**INSTRUCTIONS FOR THE TASK:** Should the listing contain images, exclude them; give the rest again exactly.

**PROVIDED MATERIAL:**
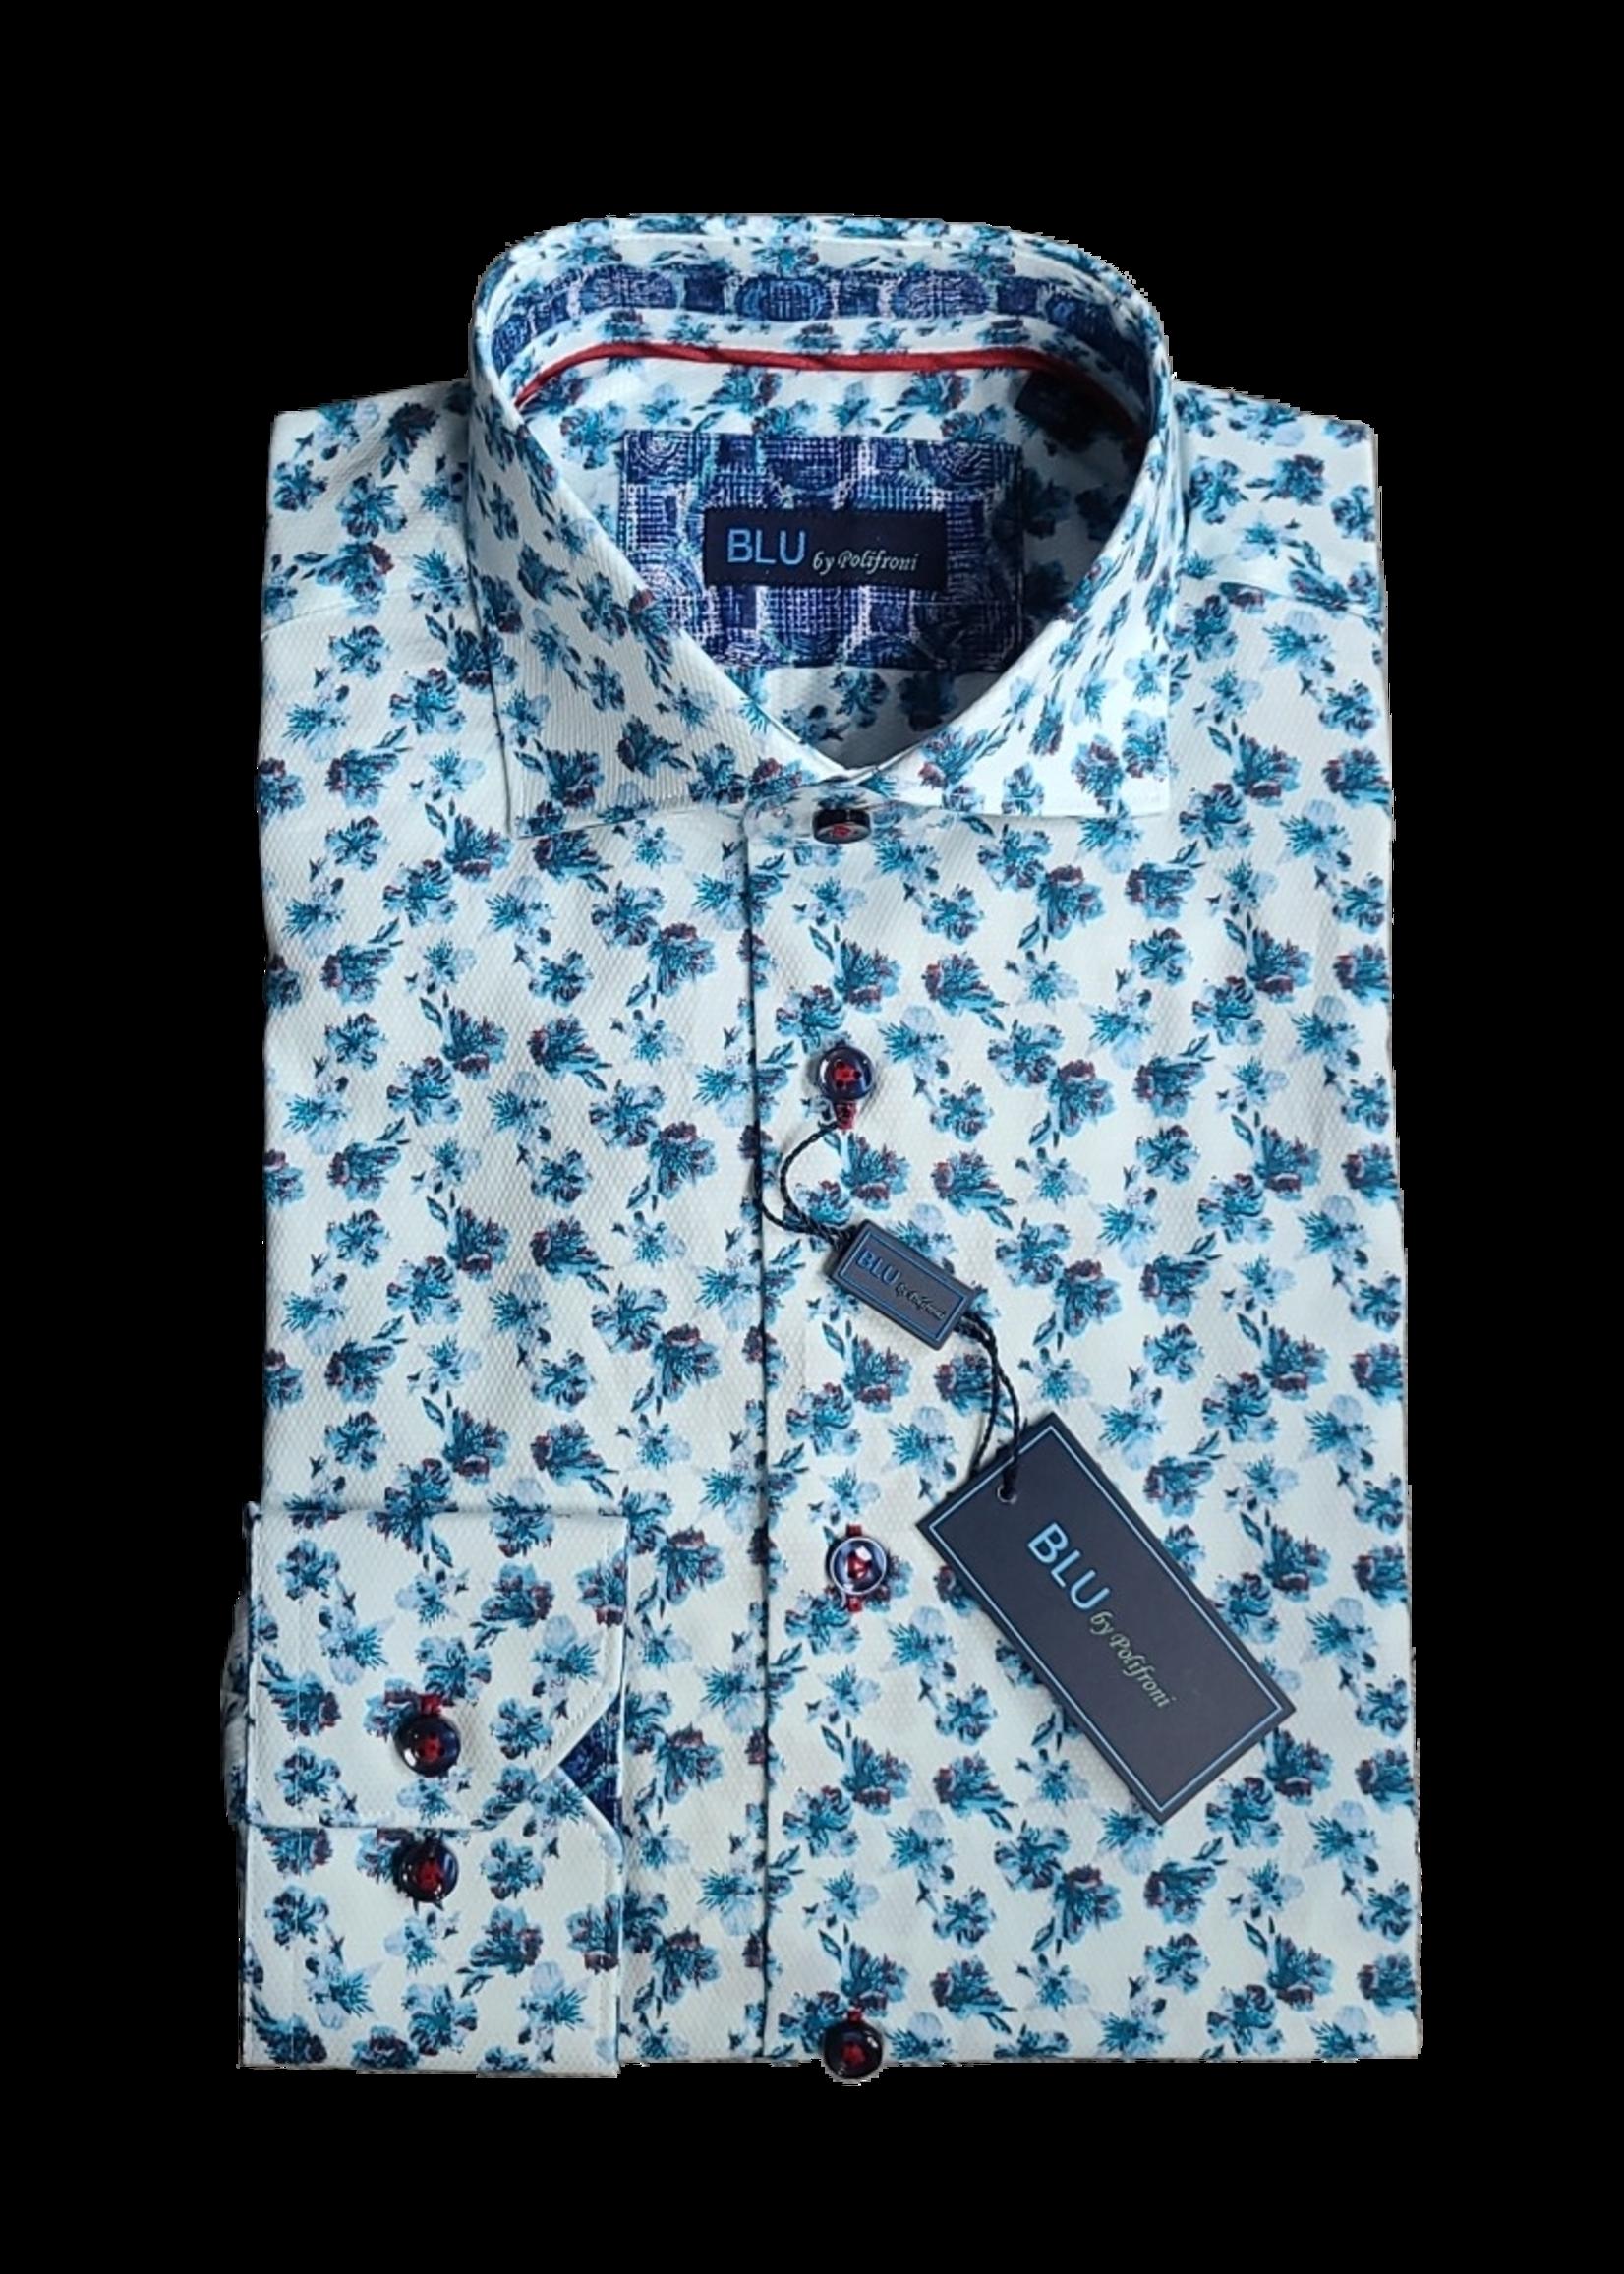 Blu Polifroni BLU B2149533 Shirt
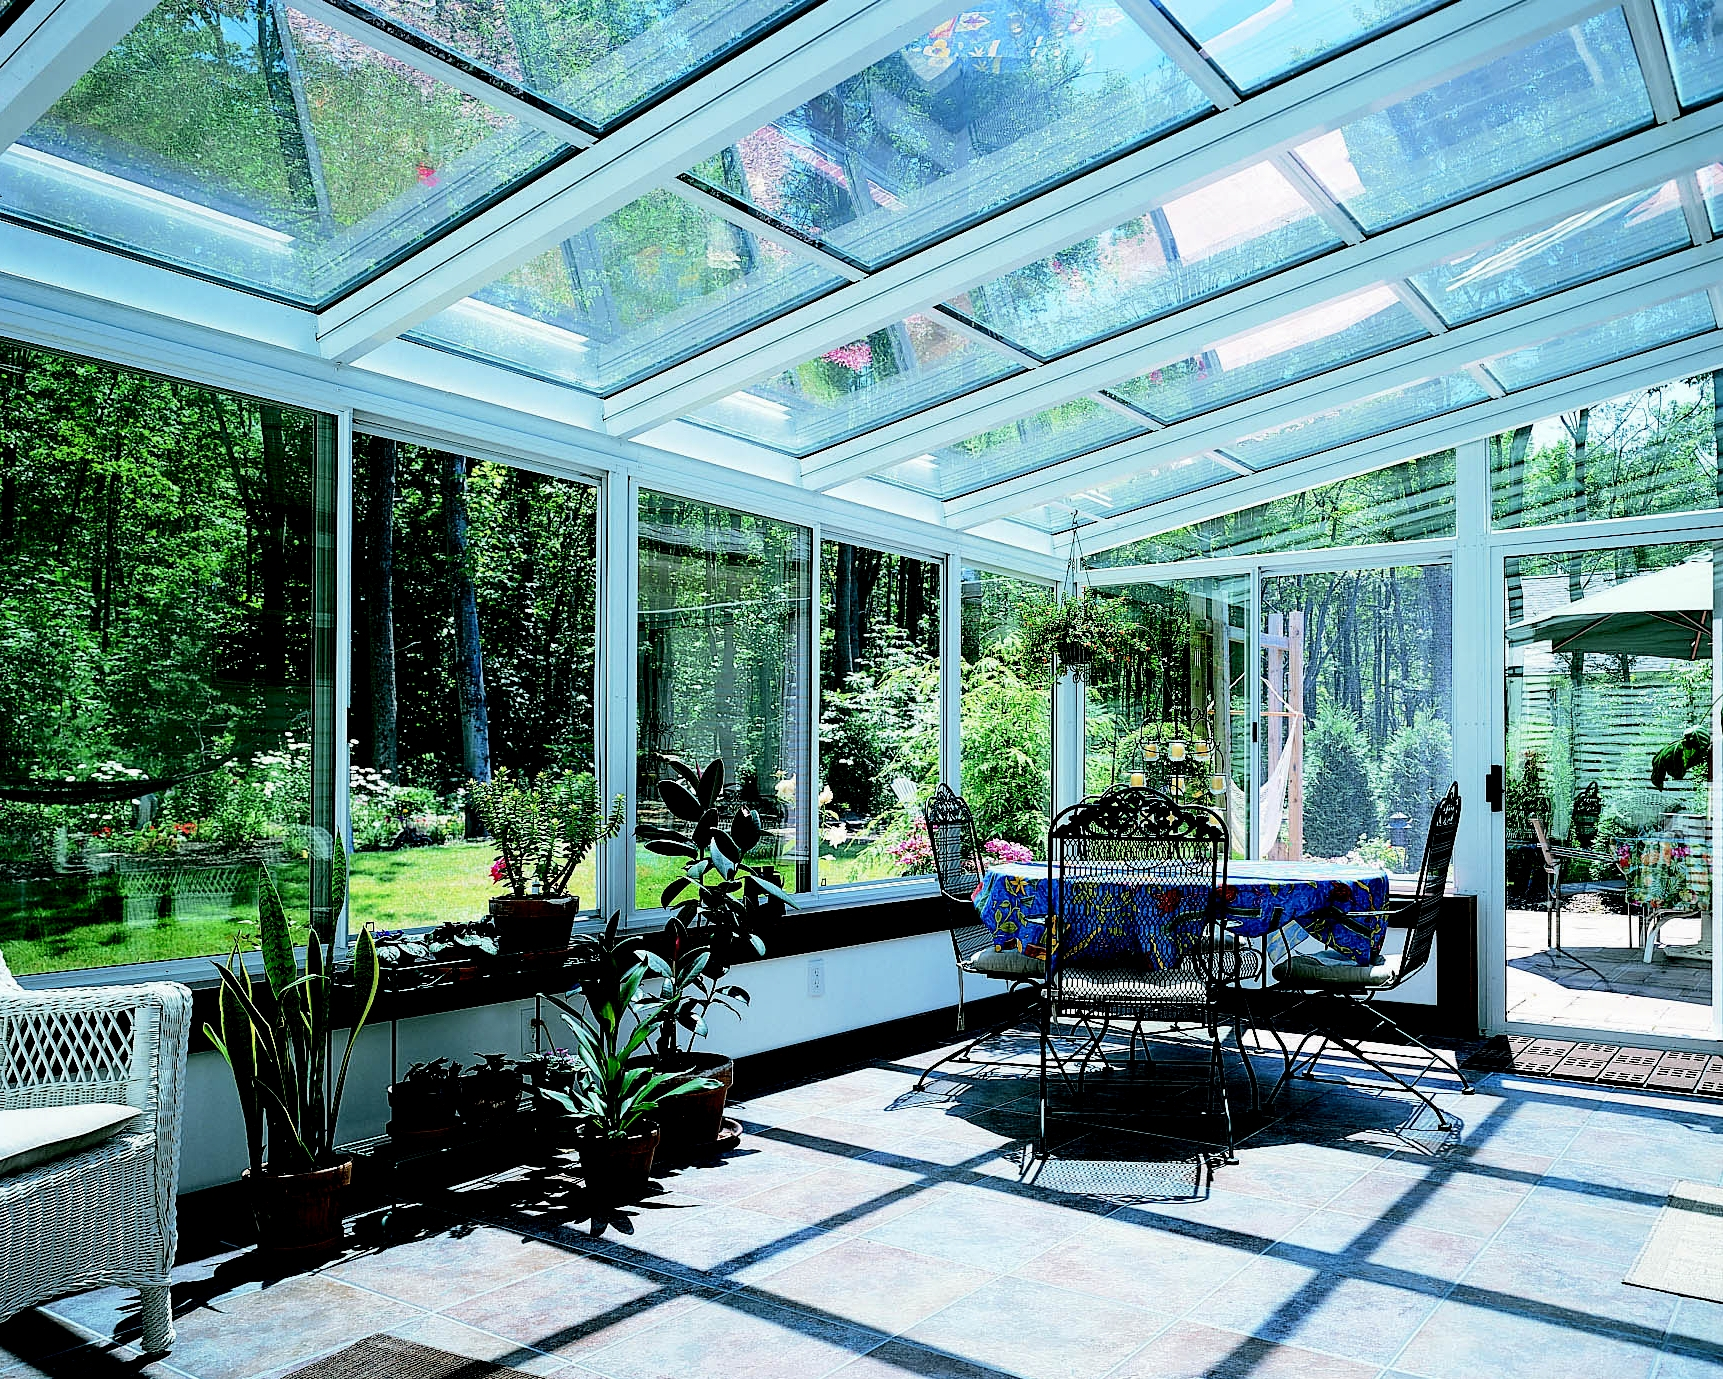 Photo gallery four seasons sunrooms 613 738 8055 for Sunroom designs of nebraska
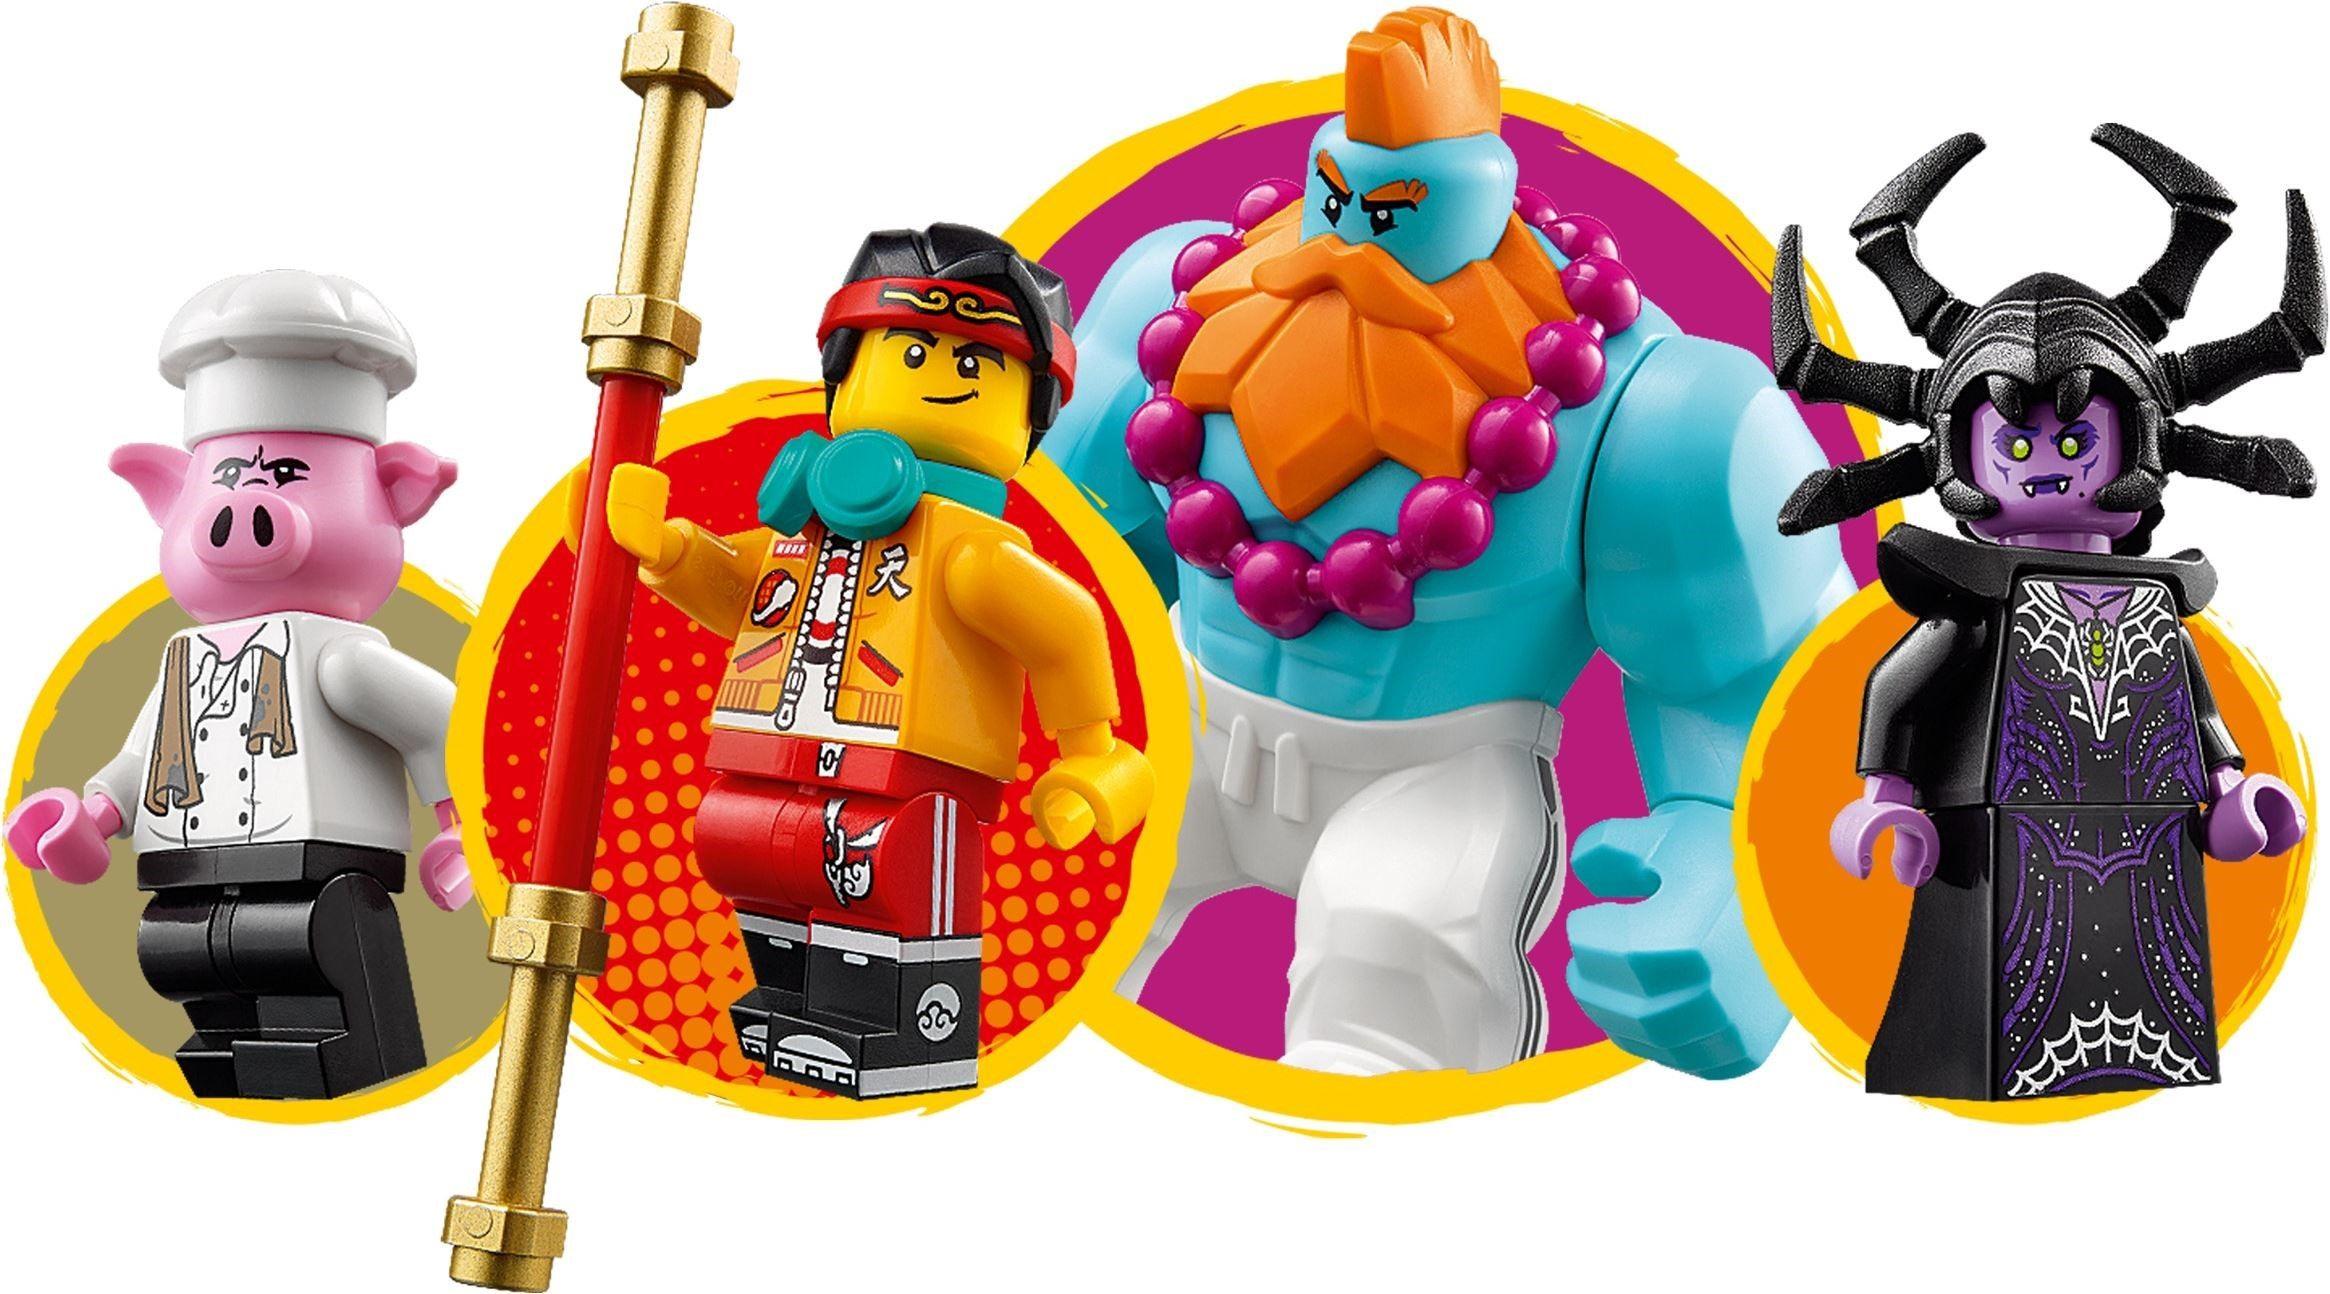 Lego 80014 Monkie Kid Sandy S Speedboat Lego Design Lego Lego News

**OUTPUT:**
 Blu Polifroni BLU B2149533 Shirt
 Photo gallery four seasons sunrooms 613 738 8055 for Sunroom designs of nebraska
 Lego 80014 Monkie Kid Sandy S Speedboat Lego Design Lego Lego News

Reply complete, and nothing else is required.